As we move through the remainder of 2025, investors face a complex landscape shaped by geopolitical tensions, shifting trade policies and evolving monetary dynamics. We aim to remain nimble in response to elevated inflation and interest rates, carefully monitoring strategies to align with changing market dynamics.

Actively managed large cap value strategy that relies on fundamental research to capture the benefits of high excess capital yield and sustainable dividends.

Portfolio review

In the first quarter of 2025, U.S. equities faced a significant downturn, with the S&P 500 Index falling by –4.27% and the Nasdaq Composite Index declining by –10.42%. This marked the worst performance for the S&P 500 since 3Q22 and for the Nasdaq since 2Q22. The market’s decline was driven by a combination of economic growth fears, tariff uncertainties and emerging cracks in the artificial intelligence sector. Big technology, represented by the Magnificent Seven stocks, fell into bear-market territory, down 16% for the quarter. Despite these challenges, several key economic indicators remained strong. These included strong nonfarm payrolls, a lower-than-expected core Consumer Price Index (CPI), and better than expected control group retail sales, industrial production and existing home sales.

Notably, sector performance was mixed, with defensive sectors like energy and healthcare outperforming the broader market. These sectors benefited from their historical resilience in uncertain economic conditions, providing a buffer against the market’s overall volatility. In contrast, the cyclical and technology sectors lagged, reflecting investor concerns over economic growth and the impact of tariff uncertainties. The market’s negative sentiment was further worsened by weaker economic data and earnings changes. However, the economy received some support from the Federal Open Market Committee as Chair Powell emphasized that tariffs would only affect inflation temporarily. 

For the quarter ended March 31, 2025, the Fund outperformed the Index on a NAV basis due to favorable stock selection and allocation. Stock selection within in consumer staples, communication services and health care sectors contributed the most to performance. Alternatively, stock selection within information technology, consumer discretionary and materials sectors detracted the most from performance. In terms of allocation, an underweight position in information technology, overweight position in communication services and underweight position in consumer discretionary contributed the most. Conversely, only an overweight position in utilities detracted from performance. 

At the individual stock level overweight positions in AT&T Inc, Welltower Inc. and Philip Morris International Inc. contributed to performance the most. 

An overweight position in AT&T Inc. (T) contributed to performance. The stock rose after reporting another strong quarter to end the year and a positive outlook on future growth driven by a positive outlook for its fiber business. 

An overweight position in Welltower Inc. (WELL) contributed to performance. Fourth-quarter results were strong, driven by notable organic growth and higher senior housing occupancy. 

An overweight position in Philip Morris International Inc. (PM) contributed to performance this quarter.
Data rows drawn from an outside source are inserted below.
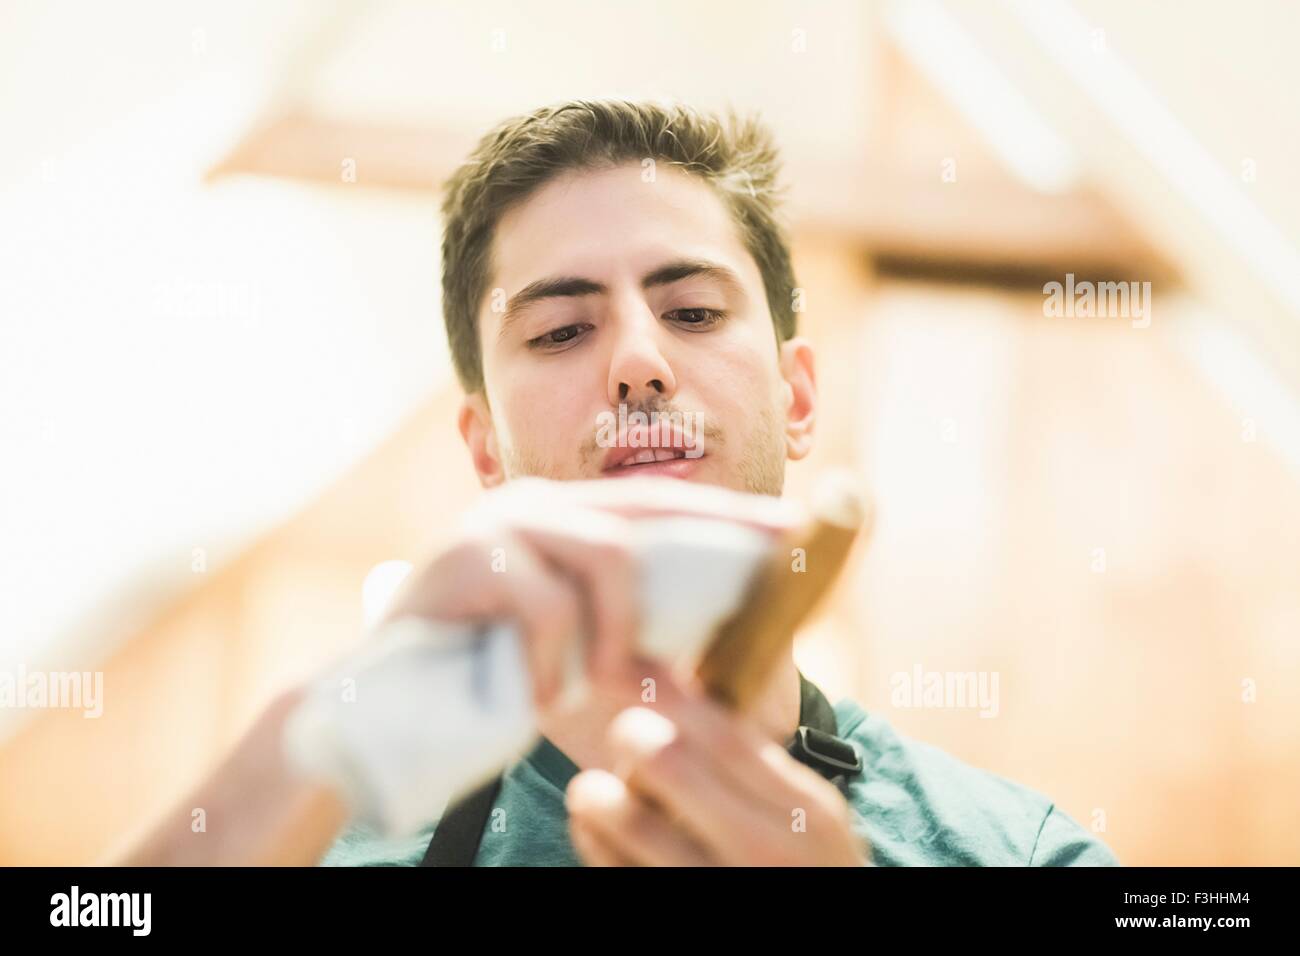 Low angle view of young man crafting wood object, looking down Stock Photo
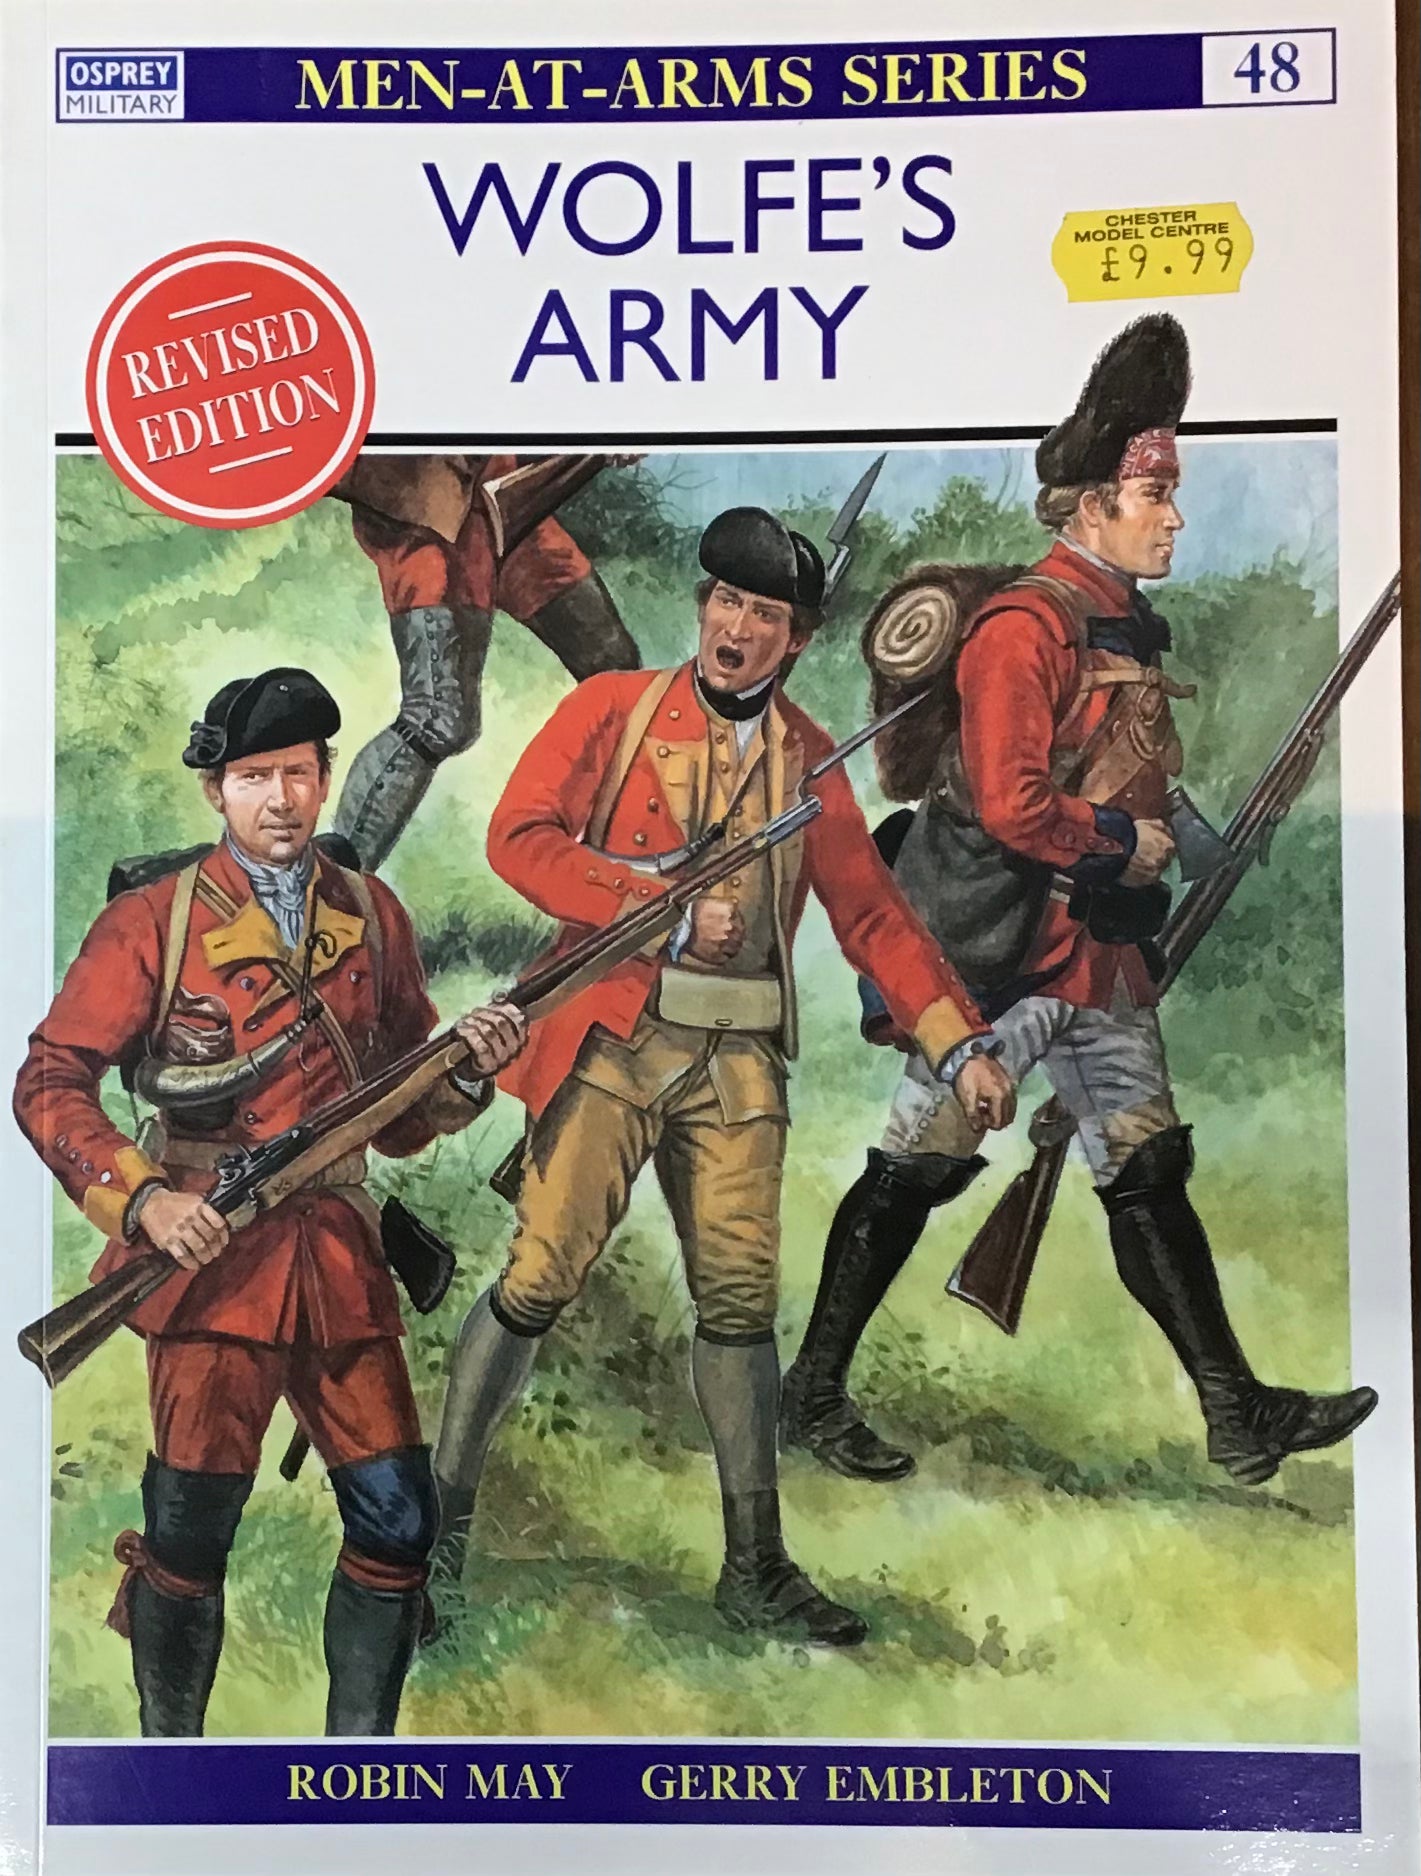 Wolfe's Army Revised Edition by Robin May and Gerry Embleton - Chester Model Centre
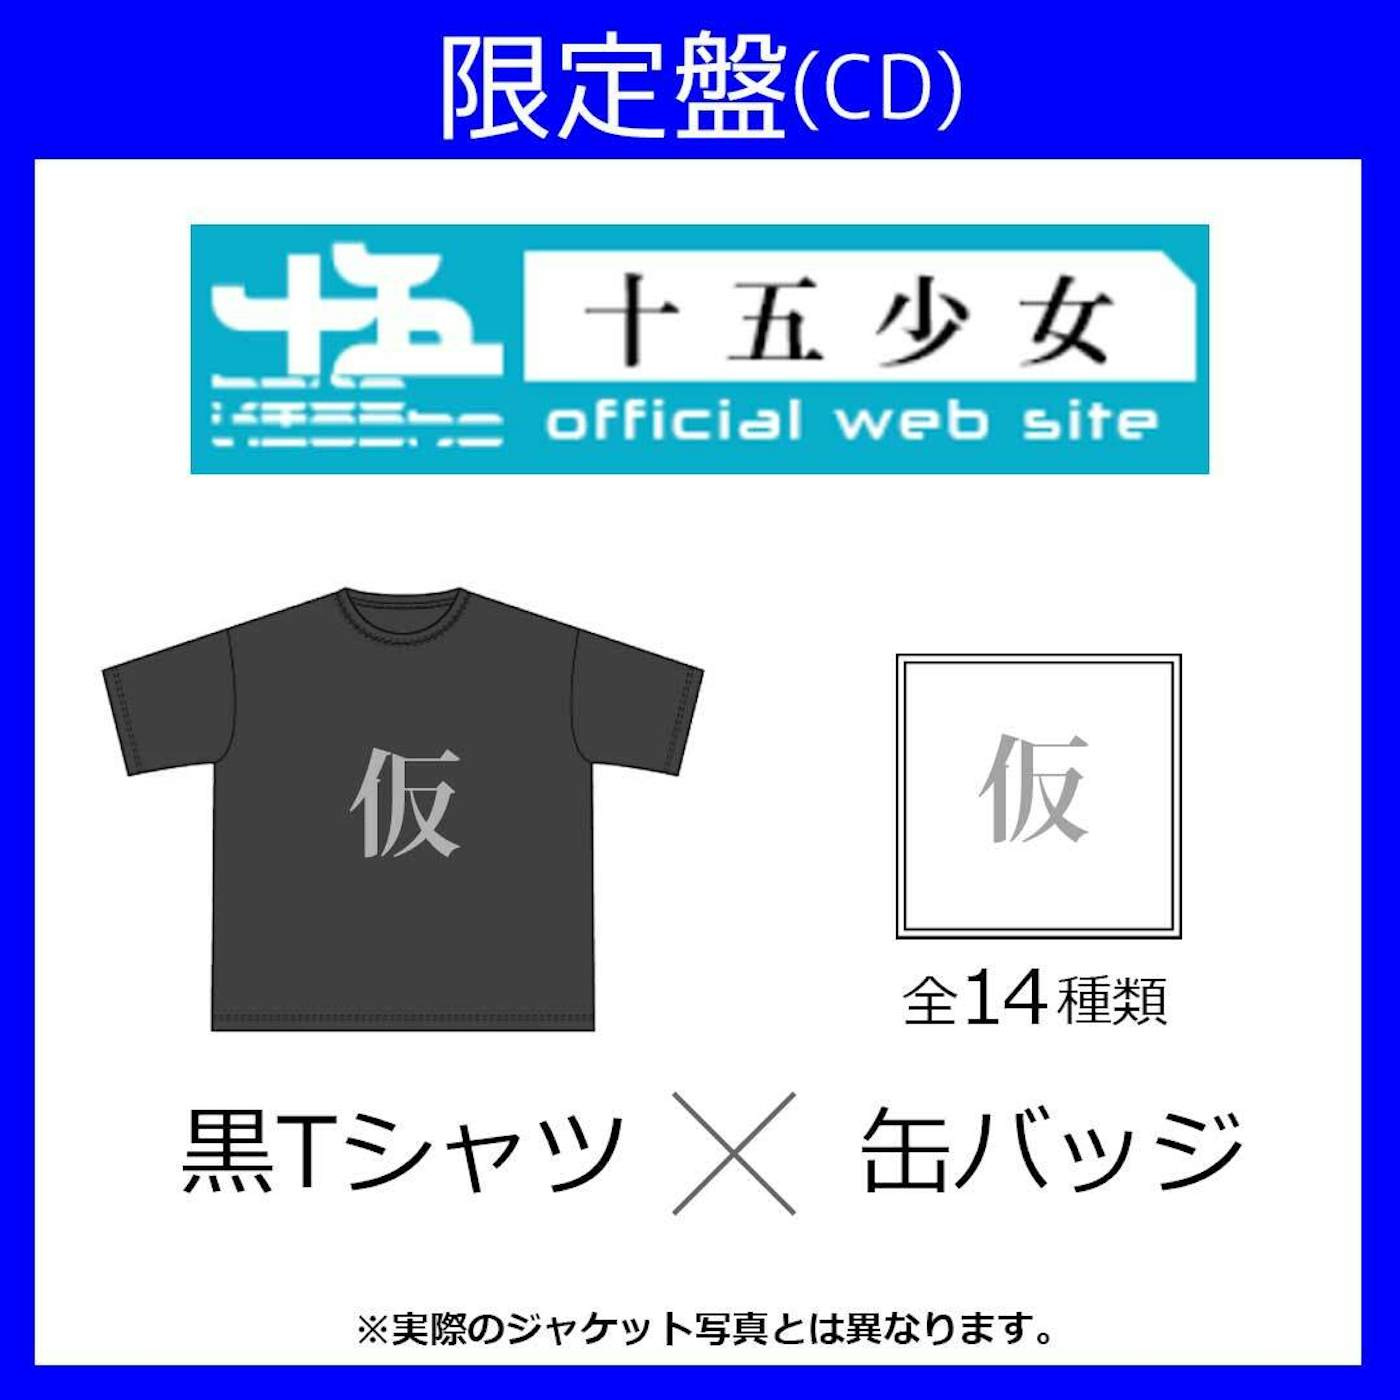 Fifteen voices ≪限定セット：缶バッジ×黒Tシャツ(M)≫SILENTHATED(2枚組AL+スマプラ)

The stock surged in February, following a strong 4Q24 earnings report, surpassing revenue and earnings per share (EPS) expectations. This performance was partly due to the Food and Drug Administration (FDA) approval of a new ZYN product, a line of nicotine pouches. 

Our position in Hewlett Packard Enterprise Co. and Berkshire Hathaway Inc. Class B, as well as an overweight position Saia, Inc. were the biggest individual detractors. 

Our position in Hewlett Packard Enterprise Co. (HPE) detracted from performance. HPE’s poor performance was driven by disappointing 1Q25 earnings linked to margin pressure from artificial intelligence (AI) server product transitions and missteps related to traditional server pricing. Headwinds from uncertainty in tariffs also weighed on the stock. 

Not owning Berkshire Hathaway Inc. (BRK.B) was a major detractor this quarter. The company reported record annual profits driven by strong underwriting and strength in the property and casualty insurance segment. The stock also benefitted from a “flight to safety” in a volatile market environment. 

An overweight position in Saia, Inc. (SAIA) detracted from performance. While the company met quarterly expectations, it provided weaker forward guidance driven by a slowdown within its industrial business and the pace of new terminal openings.

Current strategy and outlook

The outlook for U.S. equities in the coming period remains cautious amid a mix of economic and market factors. While the labor market remains strong and inflation pressures have eased, broader economic uncertainty and tariff uncertainties continue to pose significant risks. Policymakers will need to handle these challenges carefully to make sure the economy keeps growing and staying stable.

Holdings detail

Companies mentioned in this report—percentage of Strategy investments, as of 03/31/25: AT&T Inc. 3.99%, Welltower Inc. 2.91%, Philip Morris International Inc. 2.69%, Hewlett Packard Enterprise Co. 0.00%, Berkshire Hathaway Inc. 0.00% and Saia, Inc. 0.97%, 0% indicates that the security is no longer in the portfolio. Portfolio holdings are subject to daily change.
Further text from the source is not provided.